3.4.1. The Role of Education
Participants highlighted the role of education in risk prevention and they valued being informed as it created a feeling of empowerment. They felt that by educating themselves about the issues, they could reduce their risk of being exposed to EDCs by being aware of which products are safe for consumption:
“It’s a matter of learning what not to be put into your body as best you can.”
(FG5F)
Another educational tactic suggested was to learn how to correctly read product and food labels. In order to reduce their exposure to EDCs, participants wanted to learn what chemicals to avoid and teach themselves how to properly read the labels of their products with vigilance:
“Before you eat anything, you could check and see if any of those chemicals are inside it. You could check shampoo and things before you use it.”
(FG1F)
High levels of perceived self-efficacy to engage in risk reduction behaviors were reported. However, participants still thought that they might become too difficult to implement, and that it would require their constant attention:
“If you think about them [the risk reduction guidelines], they look easy, but it would require constant vigilance, you would actually have to read every label to avoid things.”
(FG3M)
3.4.2. Implementing Lifestyle Changes
EDC risk could be alleviated by changing specific aspects of the participants’ consumerism, such as the products they use or the places they buy food. Participants suggested that they could reduce their exposure to chemicals in plastics by using reusable shopping bags, metal straws, and cardboard. A proposal was made about switching to organic, local produce, and shopping at farmers’ markets as opposed to large supermarkets:
“Go to farmers’ markets and look for fresh fruit and vegetables rather than going to bigger places, because they’re all packaged in plastic.”
(FG5M)
Reverting back to traditional practices, such as home growing food and using reusable cloth diapers for babies was another tactic that was proposed by the participants:
“You’re better off growing fresh veggies, giving them a good wash, and doing your own baking rather than buying shop-bought stuff”
(FG6F)
Although participants believed that they could reduce or alleviate the risks of EDCs by educating themselves or making lifestyle changes, there was a belief that the general public preferred to remain ignorant to the risks of EDCs. There were arguments that the younger generations would rather remain uninformed, but also arguments that older generations are too set in their ways and would not likely take on all of this new information. Participants discussed the ease of accessing new information about the risks of EDCs via the internet and media, but doubted whether people would actually implement the behavior changes within their daily lives.
4. Discussion
Using a qualitative design, this study examined the previously unexplored area of public perceptions of EDCs, their knowledge and awareness of EDCs and underlying themes of risk perceptions of EDCs.

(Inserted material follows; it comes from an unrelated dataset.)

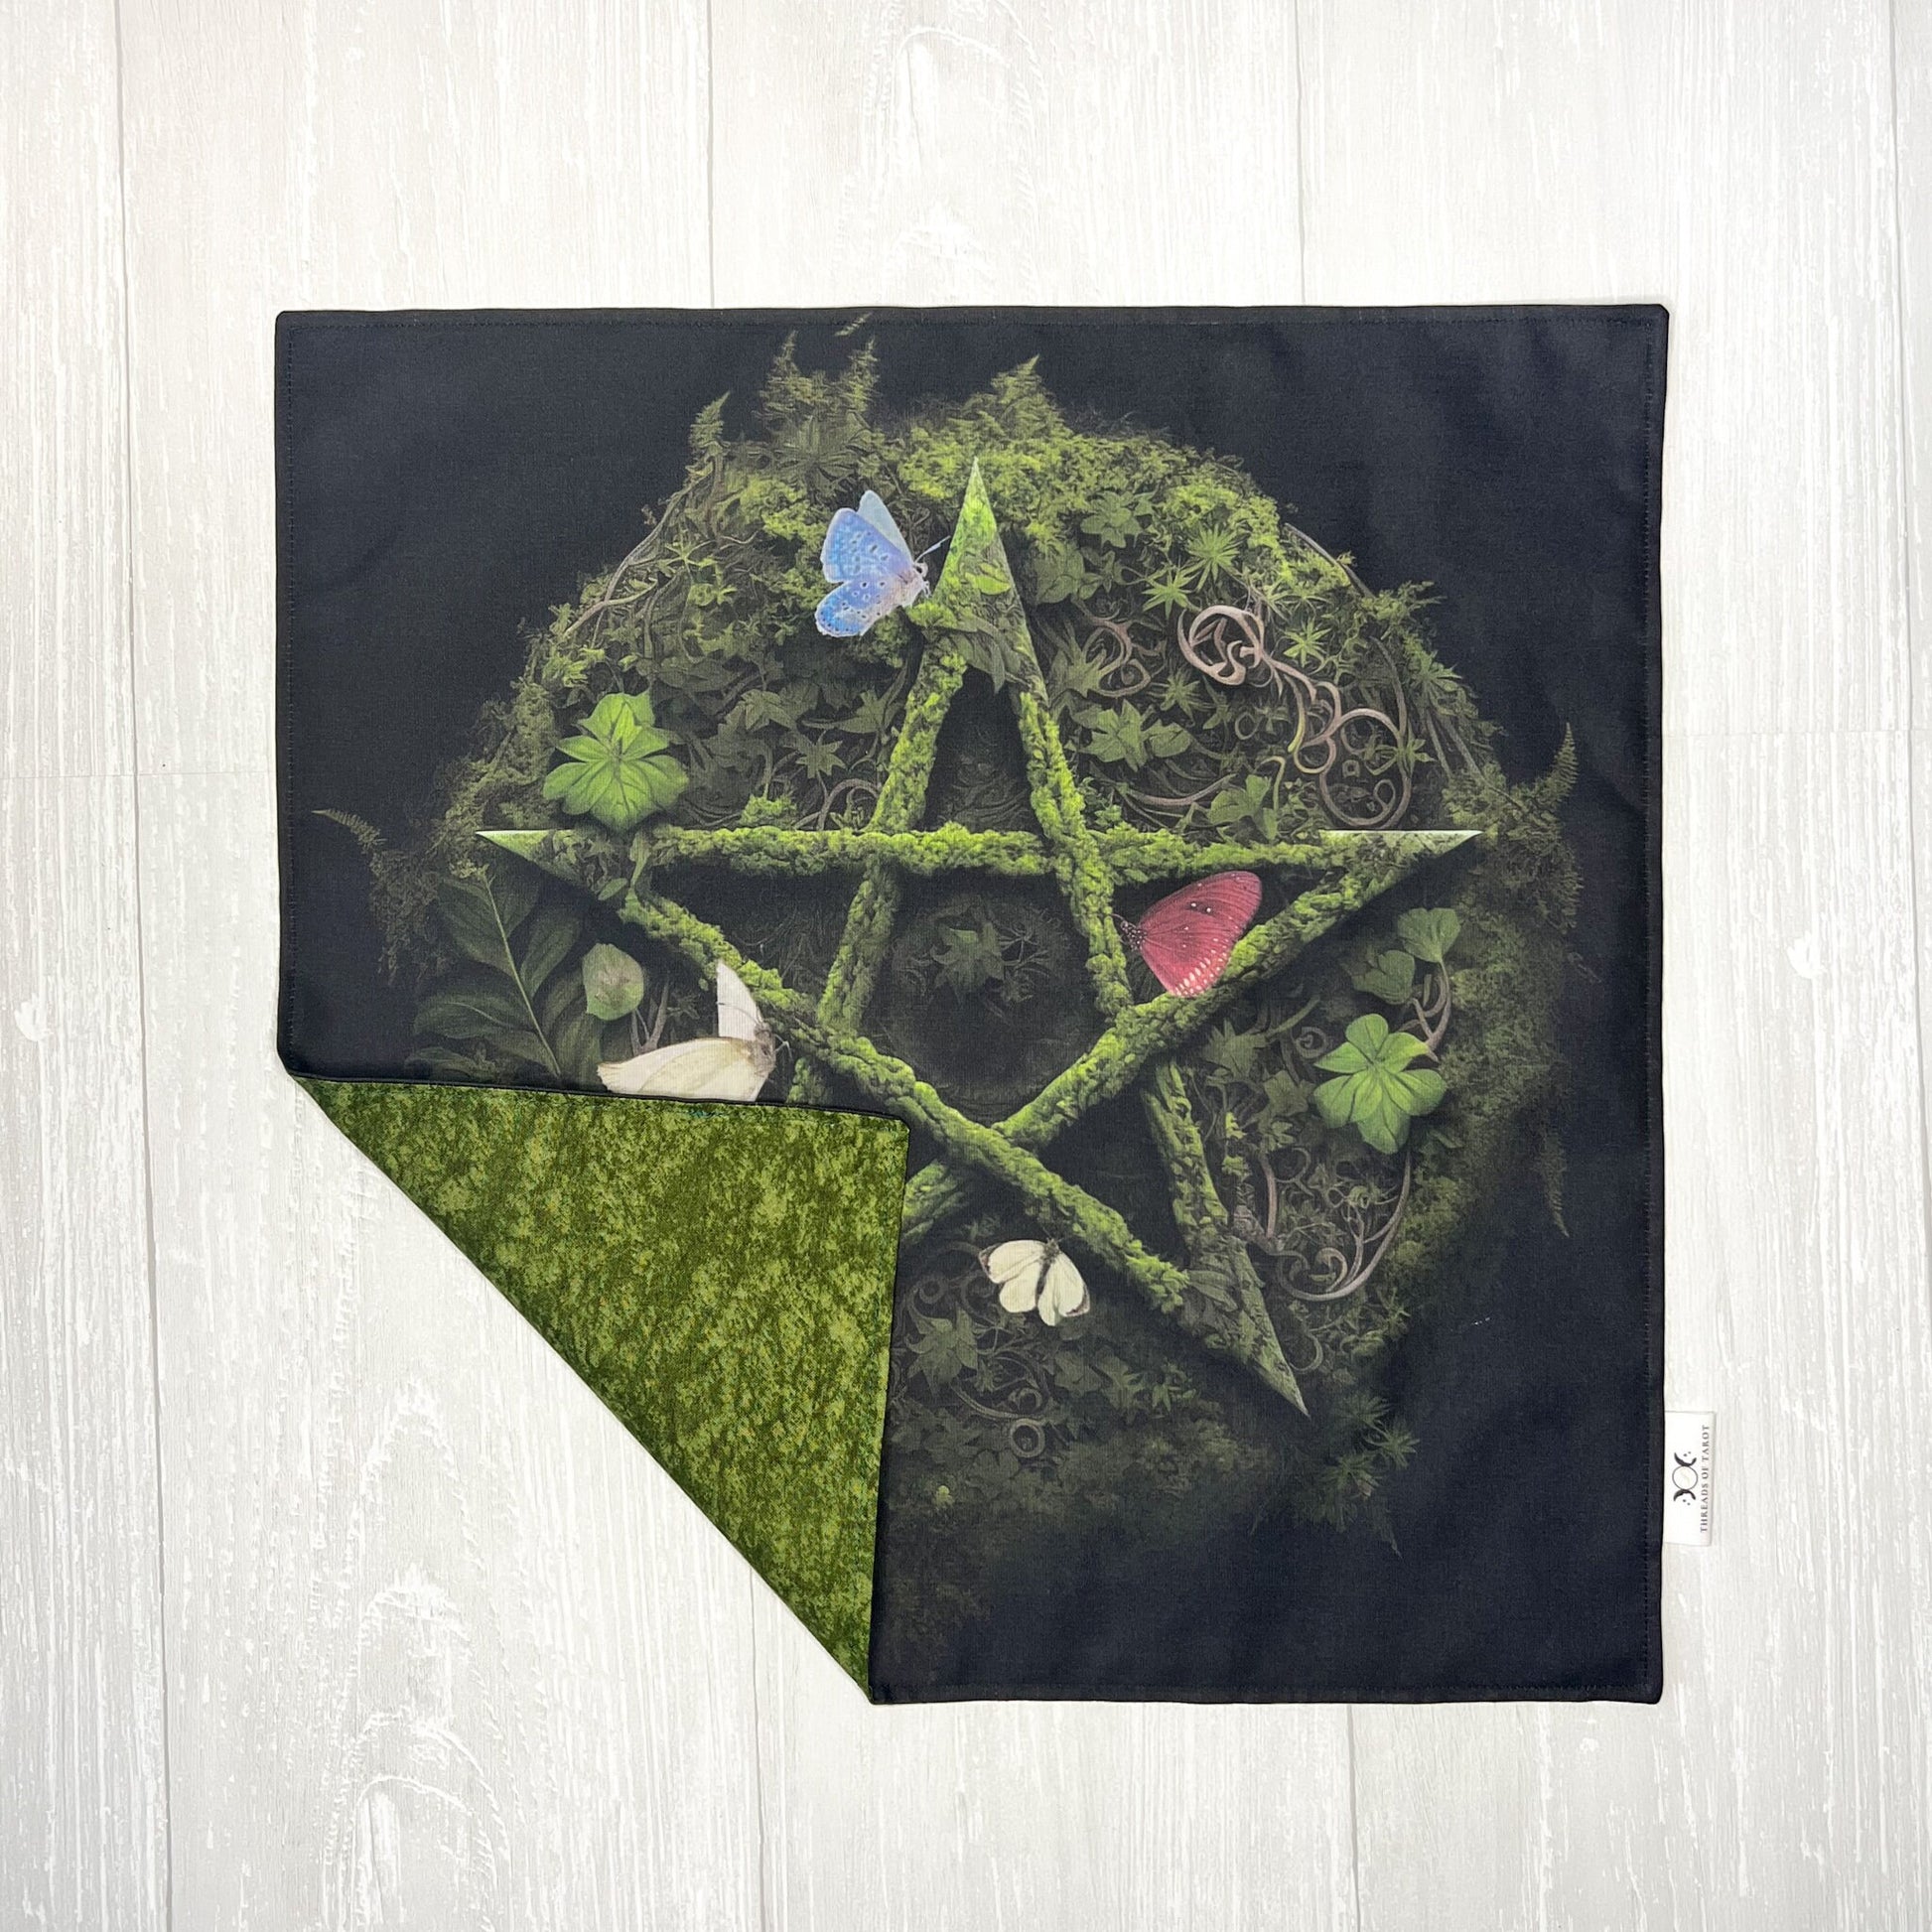 Earthy Pentacle Altar Cloth, Tarot Reading Cloth, Earthy Tarot Reading Supplies and Accessories, Rune Casting Cloth, Witch Tarot Reader Gift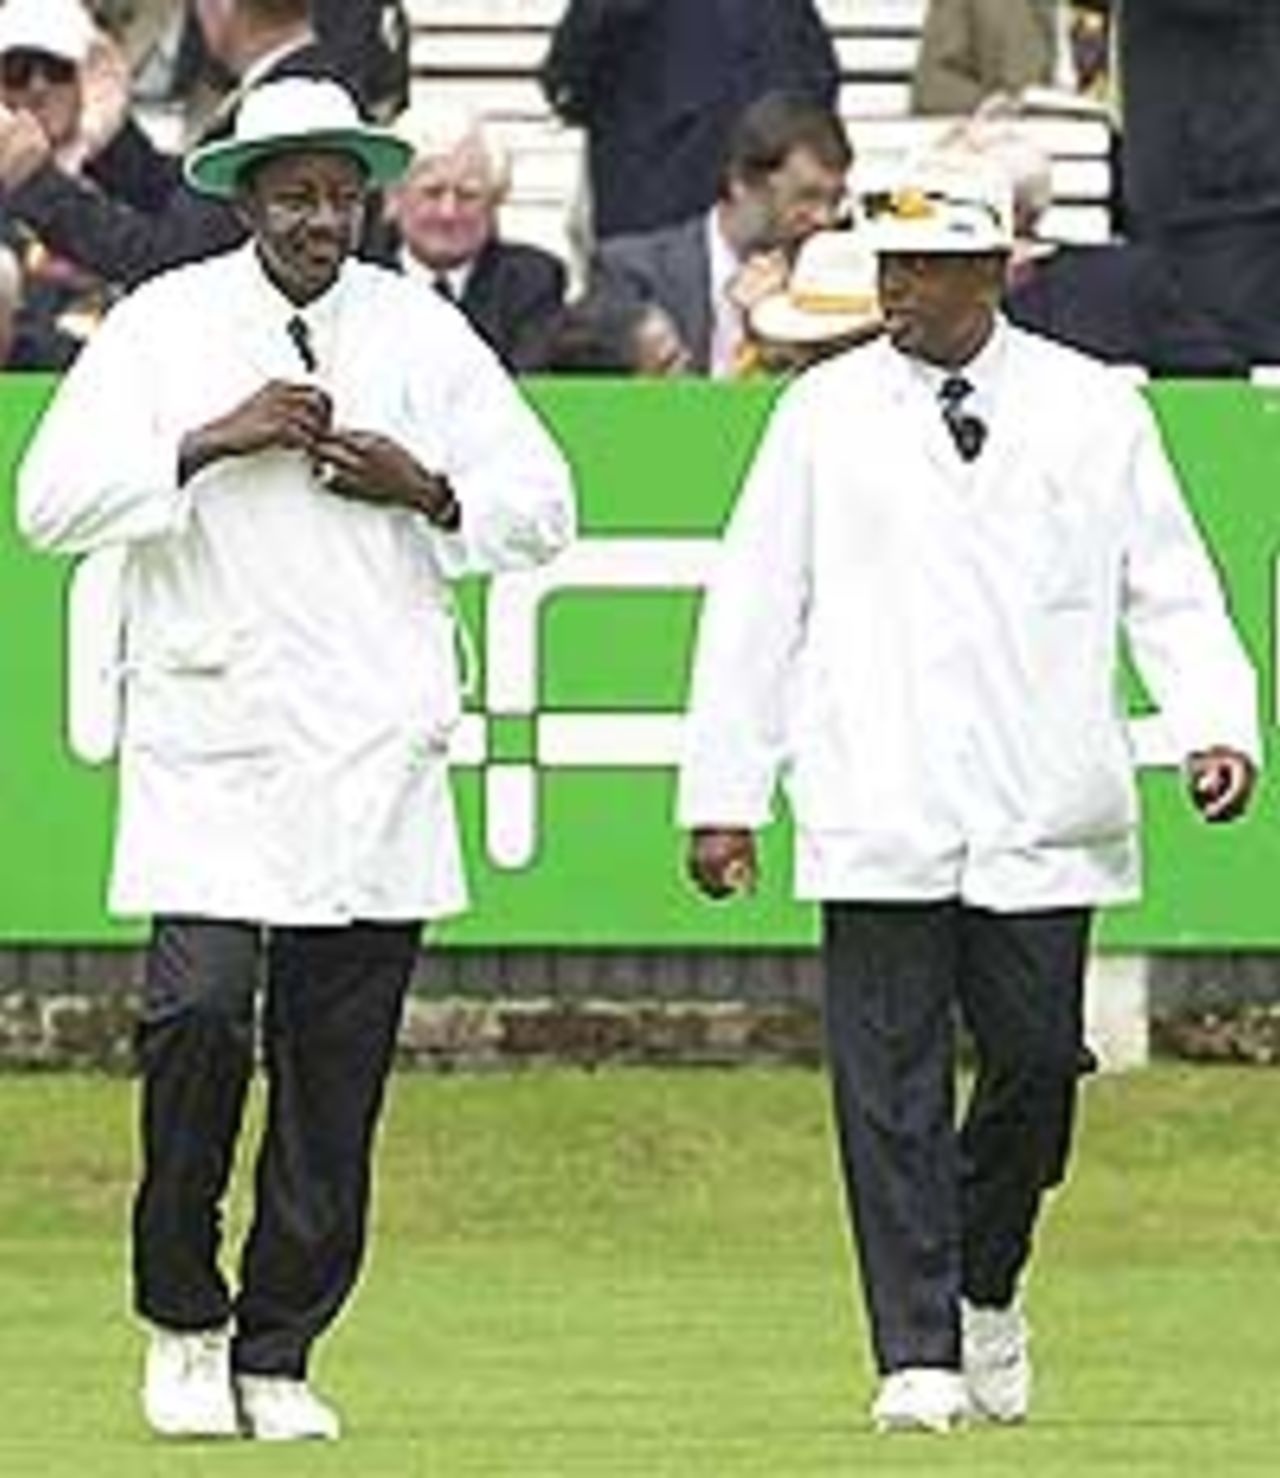 England v Australia, 2nd npower Ashes Test at Lord's, 19-22 July 2001

In line with previous research [
17,
18,
19,
20], most participants in this study were not aware of EDCs. Those who were familiar with EDCs had either learned about them during an undergraduate science degree, were personally suffering from an endocrine related disorder, or had seen social media posts on EDCs from their cancer support group leader. The level of knowledge [
32] and prior personal experience [
33] with a risk are two factors known to help explain how risks are perceived by the general public. The lack of awareness found in this study indicates that there is a need for more information on EDCs to be included in educational and health systems. Additionally, the use of social media as a tool for spreading awareness could be useful in increasing knowledge, specifically when posted by someone who is familiar and trusted by the public.
Participants were much more aware of specific EDCs, namely pesticides and BPA. However, although participants were able to recall the names of specific EDCs, their knowledge about the chemicals was limited. Participants were not familiar with the specific EDCs due to their associations with disrupted endocrine functioning or their categorization as an EDC. Instead, it was evident that participants were familiar with these chemicals because of their widely known carcinogenic associations, environmental impacts, or other associated health risks outside of endocrine health. It may be difficult for the public to piece together their knowledge about specific chemicals to form comprehensive judgements about EDCs, as previous studies indicate that most individuals have difficulty parsing multiple sources of information together when making judgements and decisions [
34]. The findings from this study support the position that communication of EDC risks should be broad and comprehensive in order to raise awareness of the endocrine disrupting effects of well-known chemicals.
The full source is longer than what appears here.